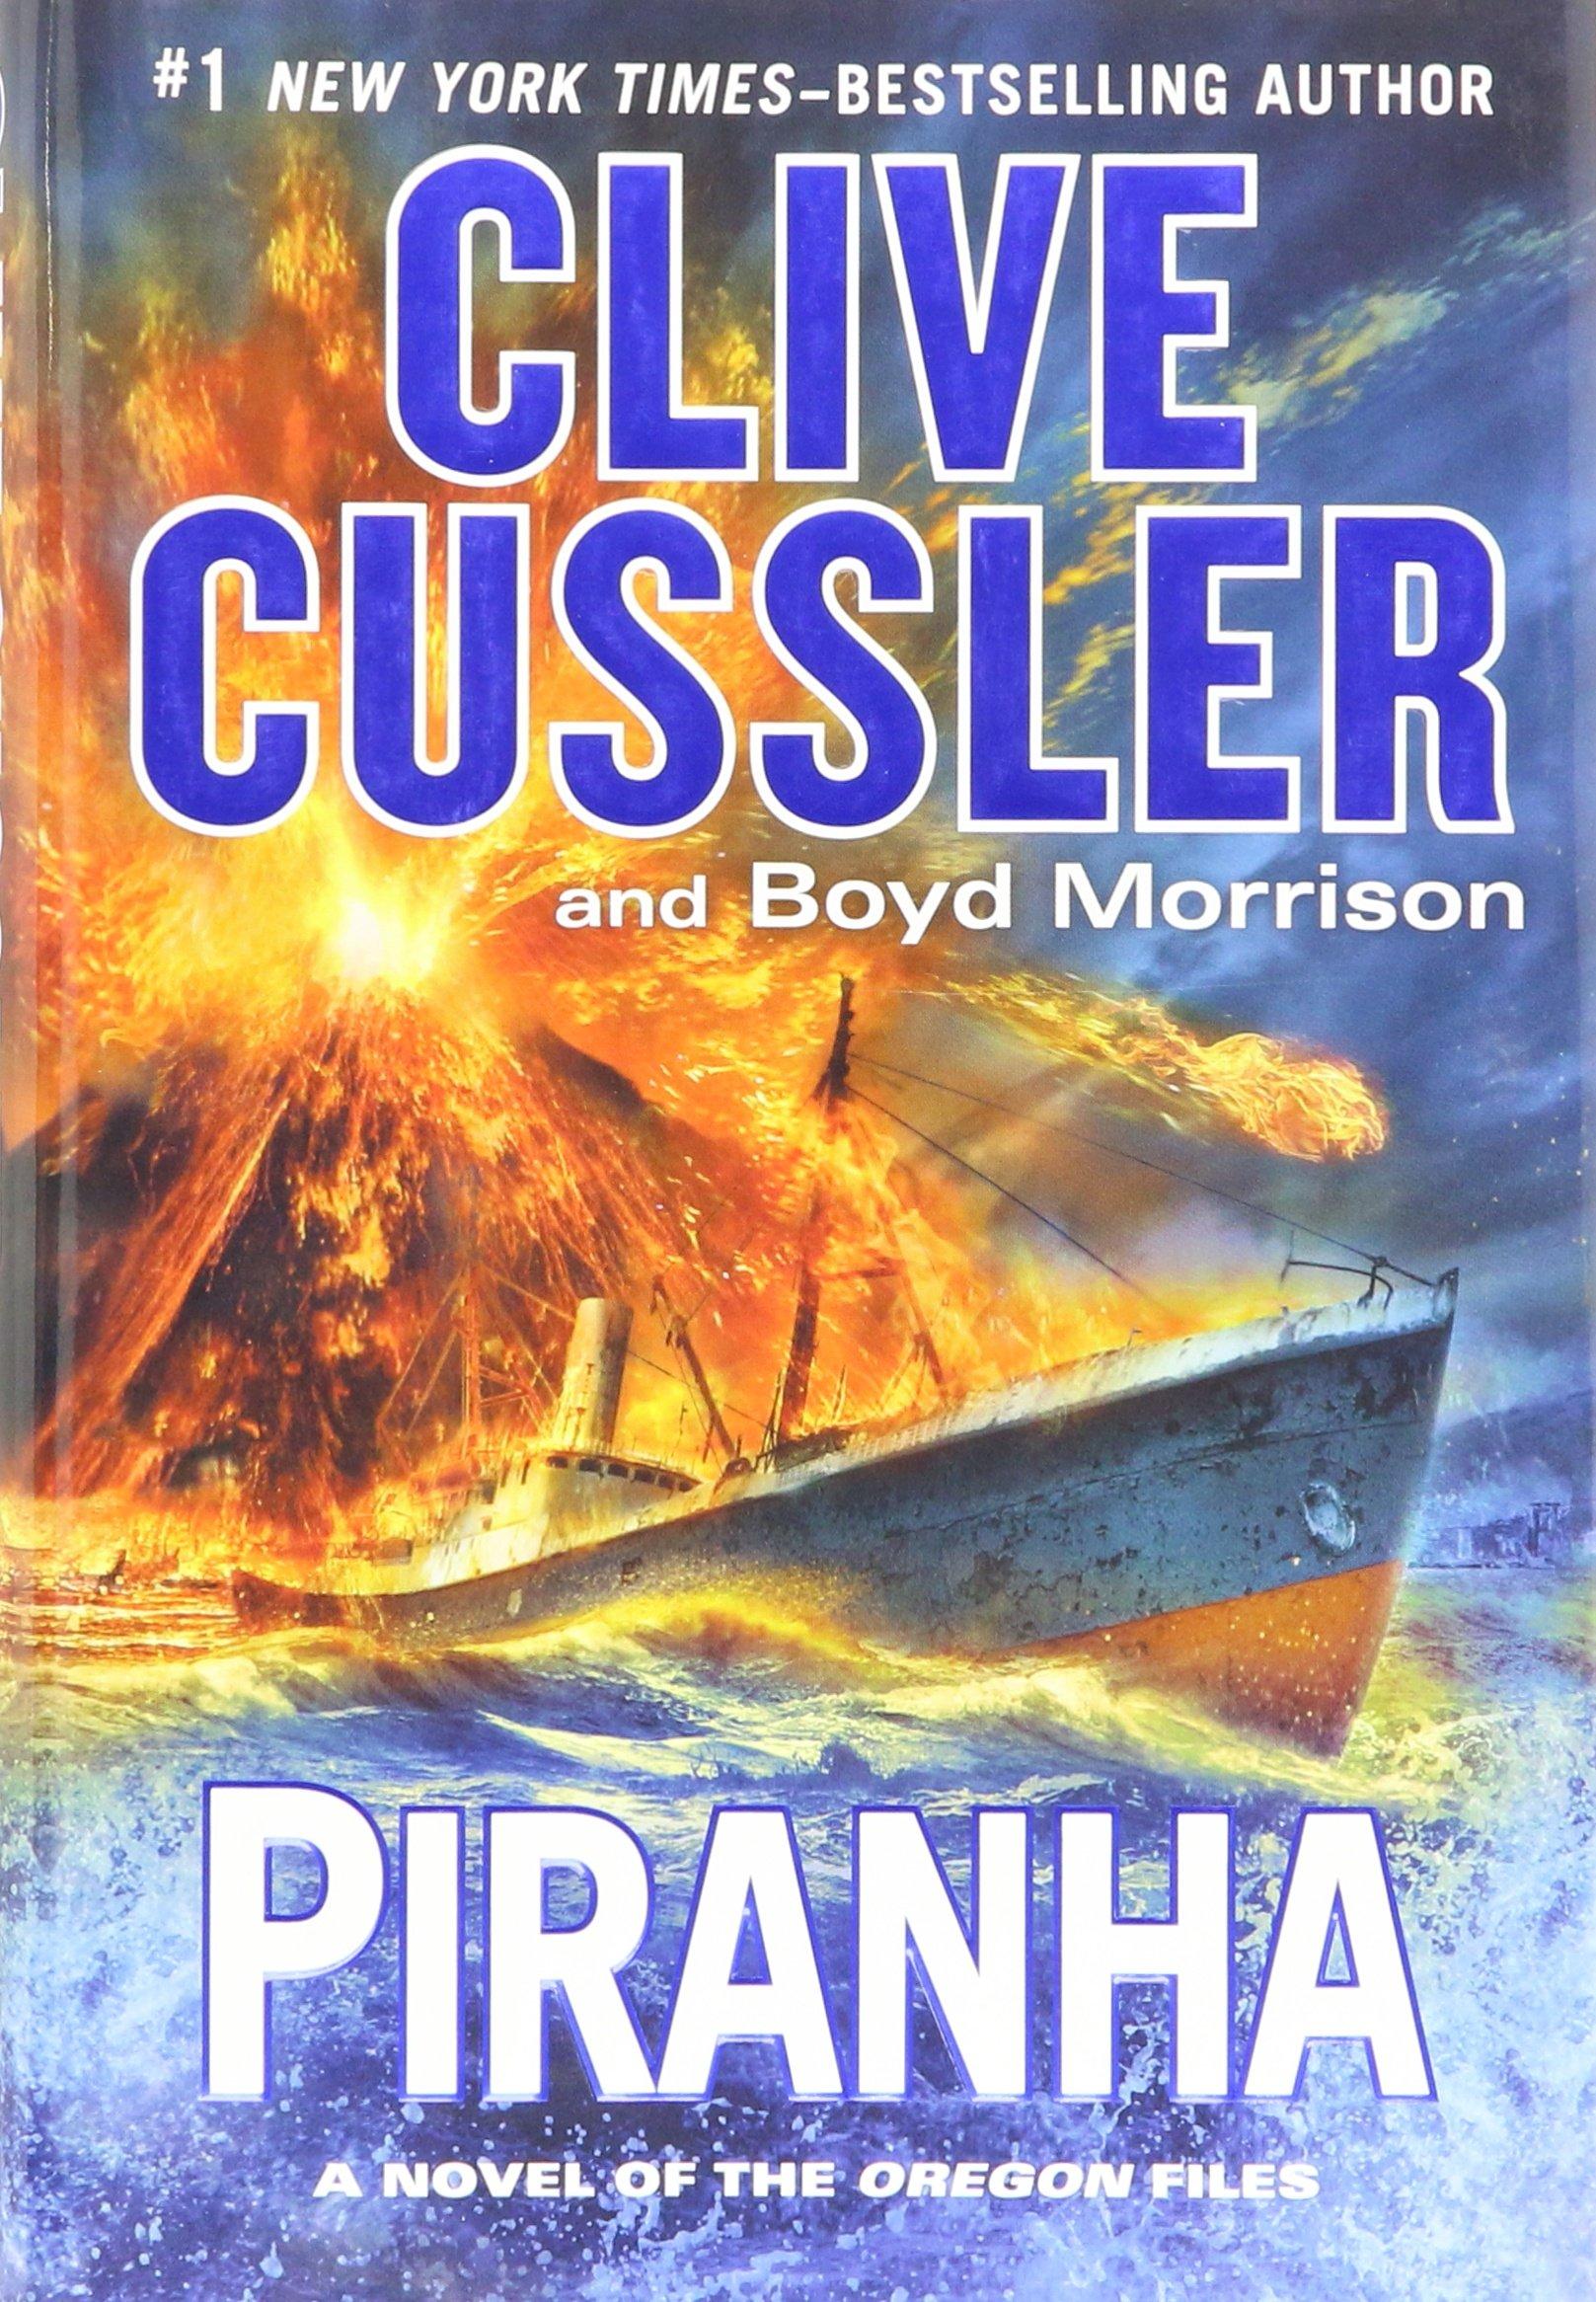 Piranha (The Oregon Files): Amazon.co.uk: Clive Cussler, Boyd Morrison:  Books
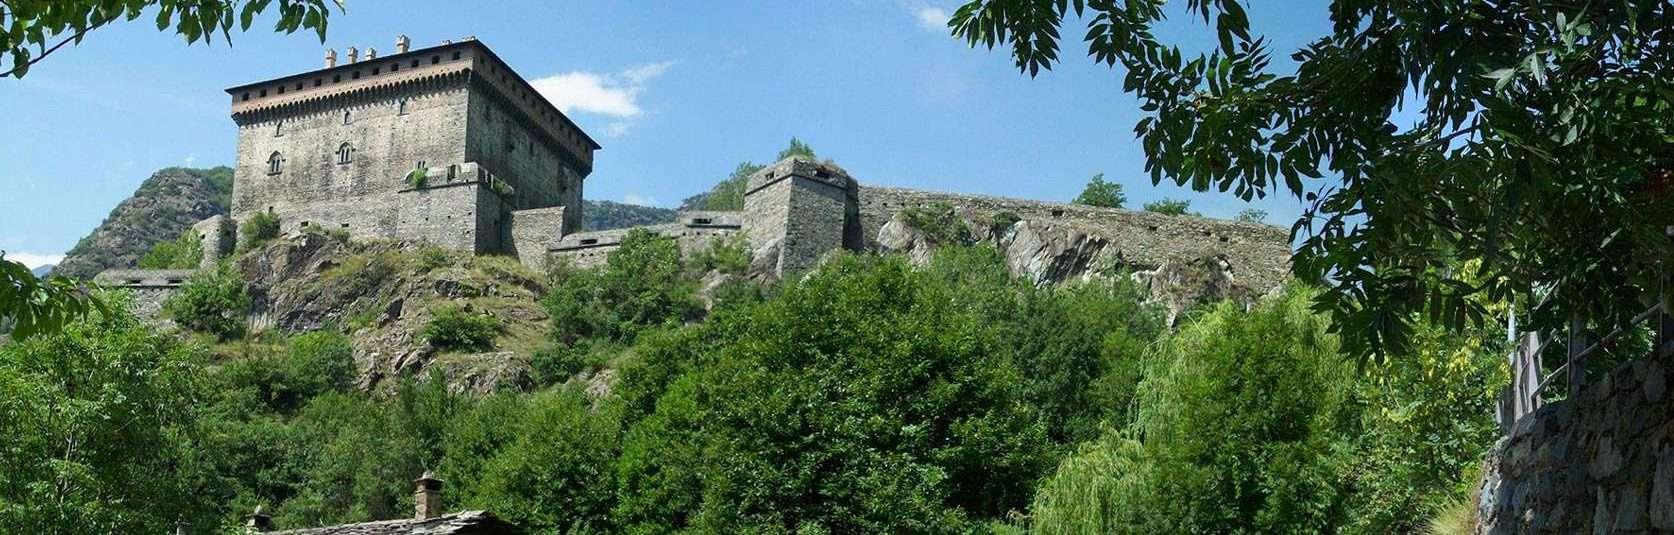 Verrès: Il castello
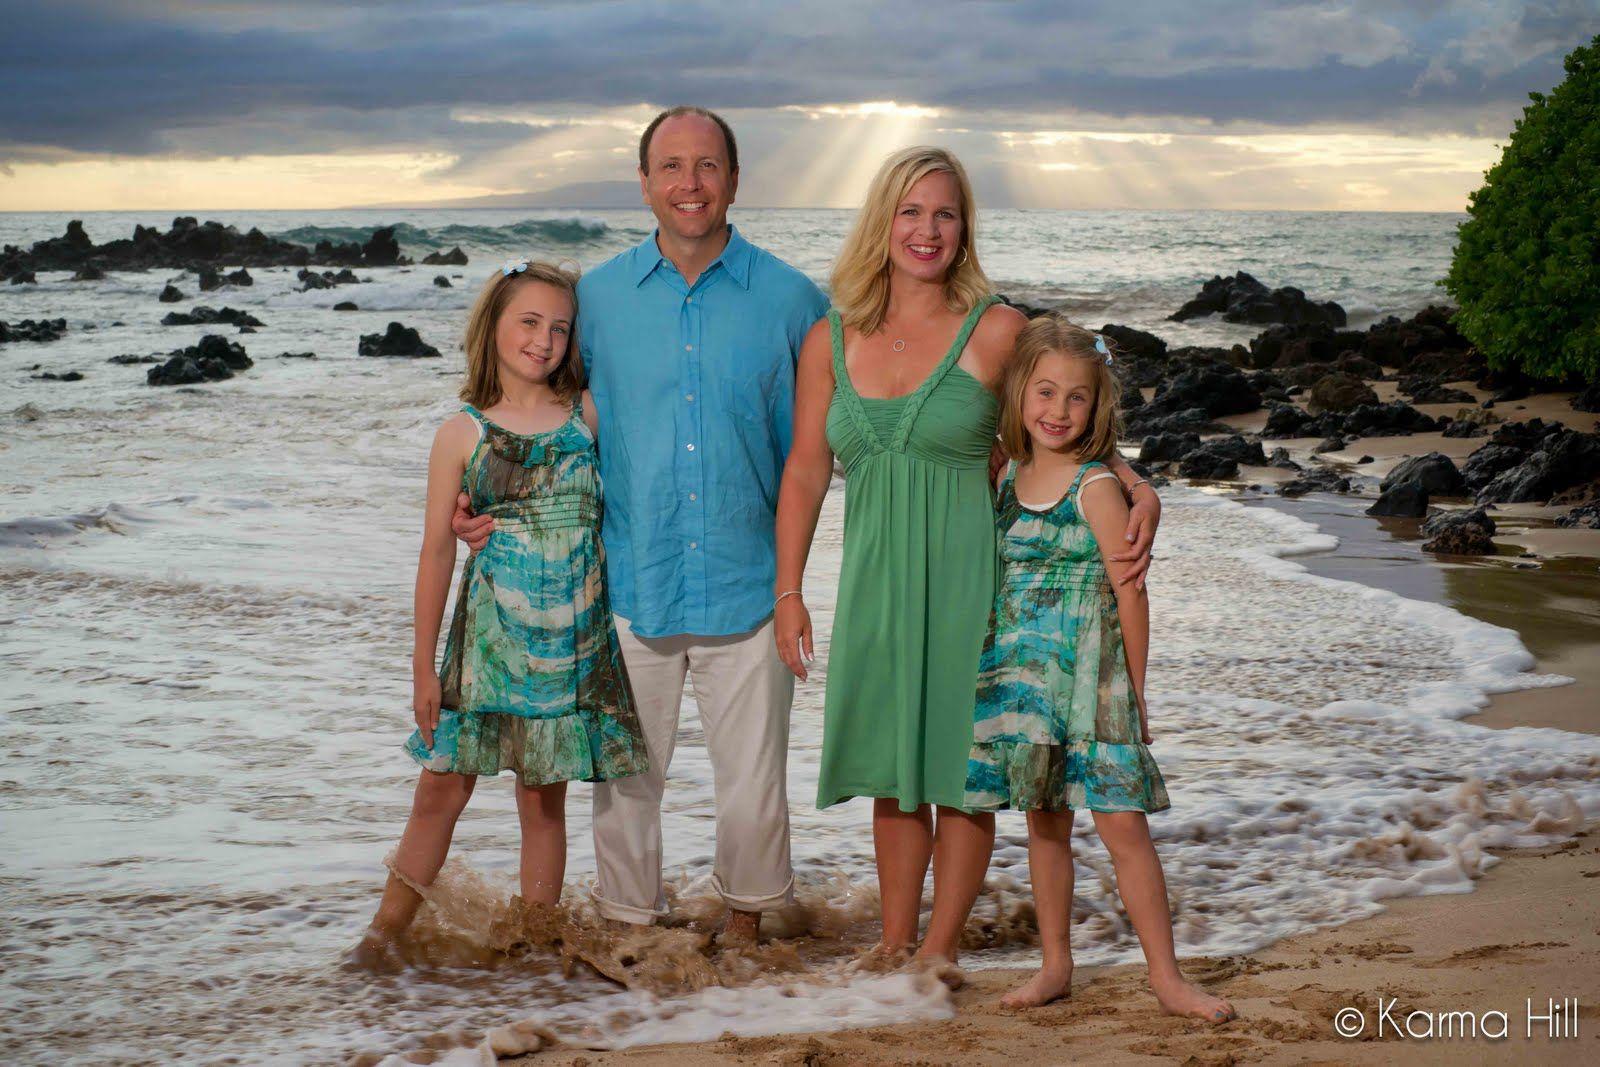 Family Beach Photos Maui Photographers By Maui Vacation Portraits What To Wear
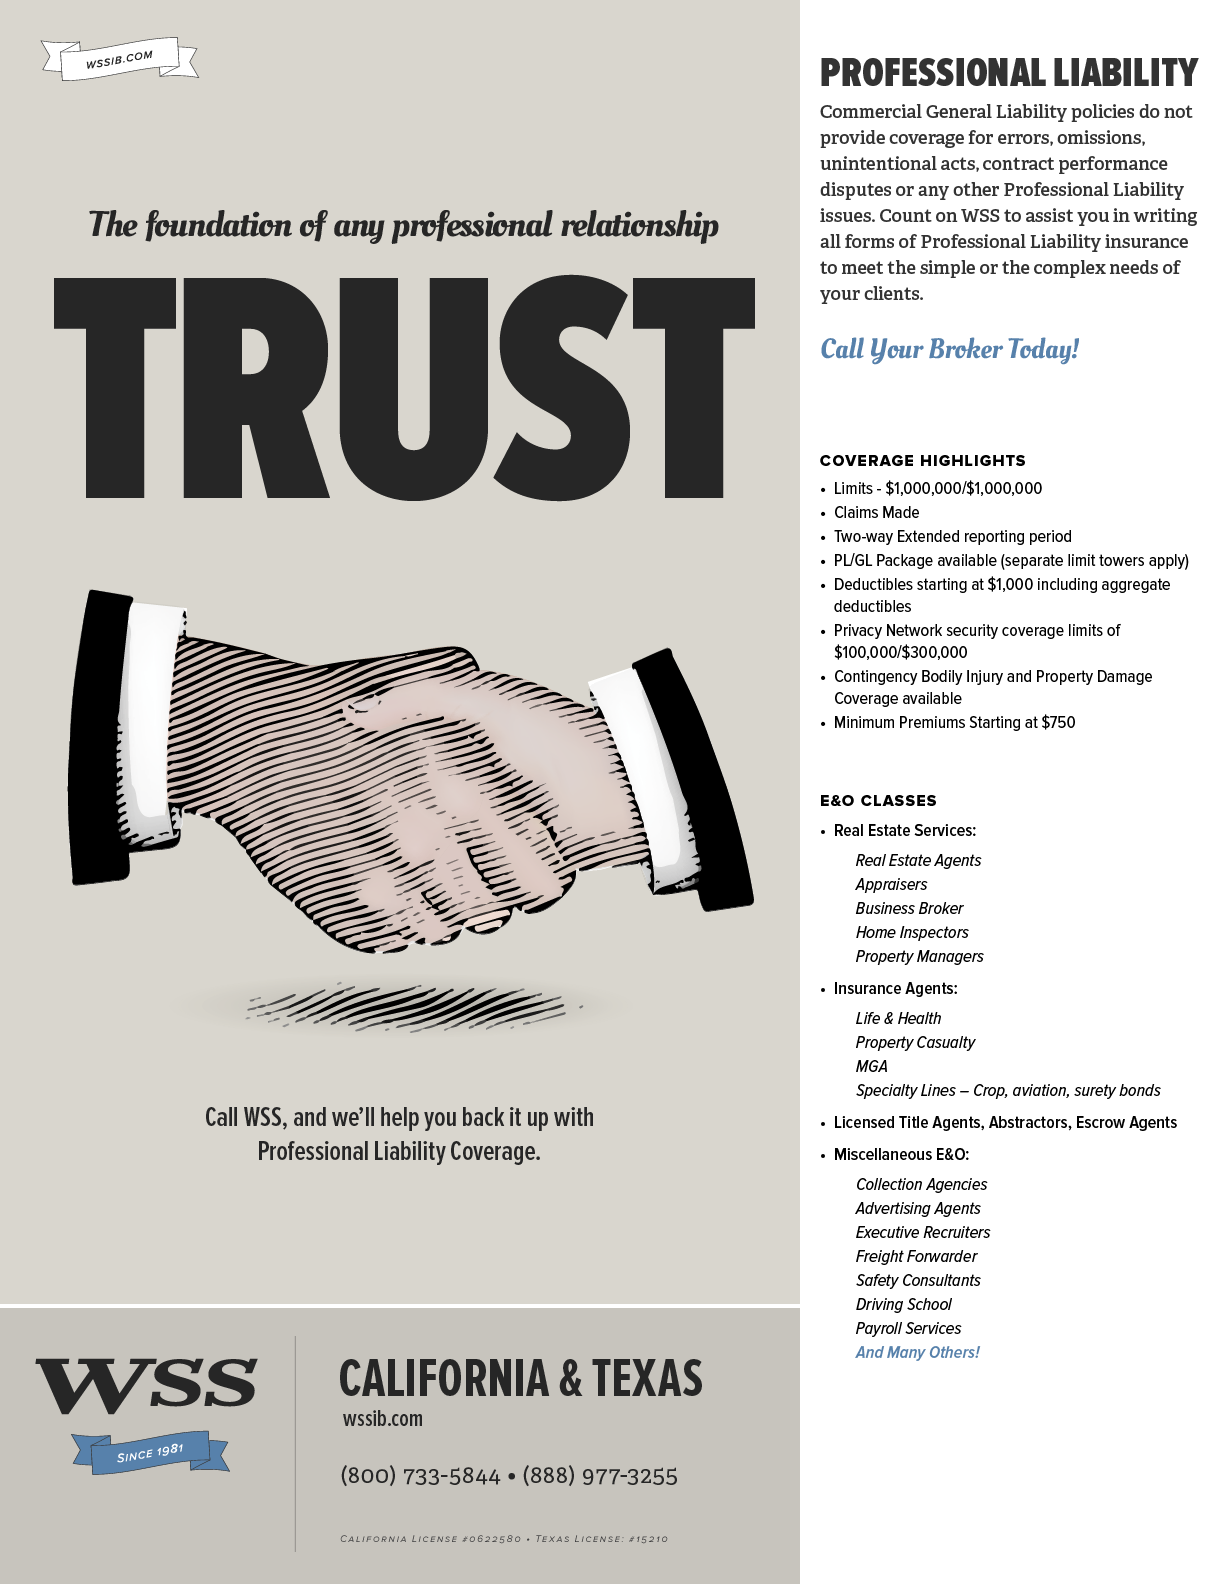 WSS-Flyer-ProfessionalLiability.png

Required action → Reproduce the data above without a single change, please, but without its pictures.

Exercise answer →
 Piranha (The Oregon Files): Amazon.co.uk: Clive Cussler, Boyd Morrison:  Books
 Verrès: Il castello
 Family Beach Photos Maui Photographers By Maui Vacation Portraits What To Wear
 WSS-Flyer-ProfessionalLiability.png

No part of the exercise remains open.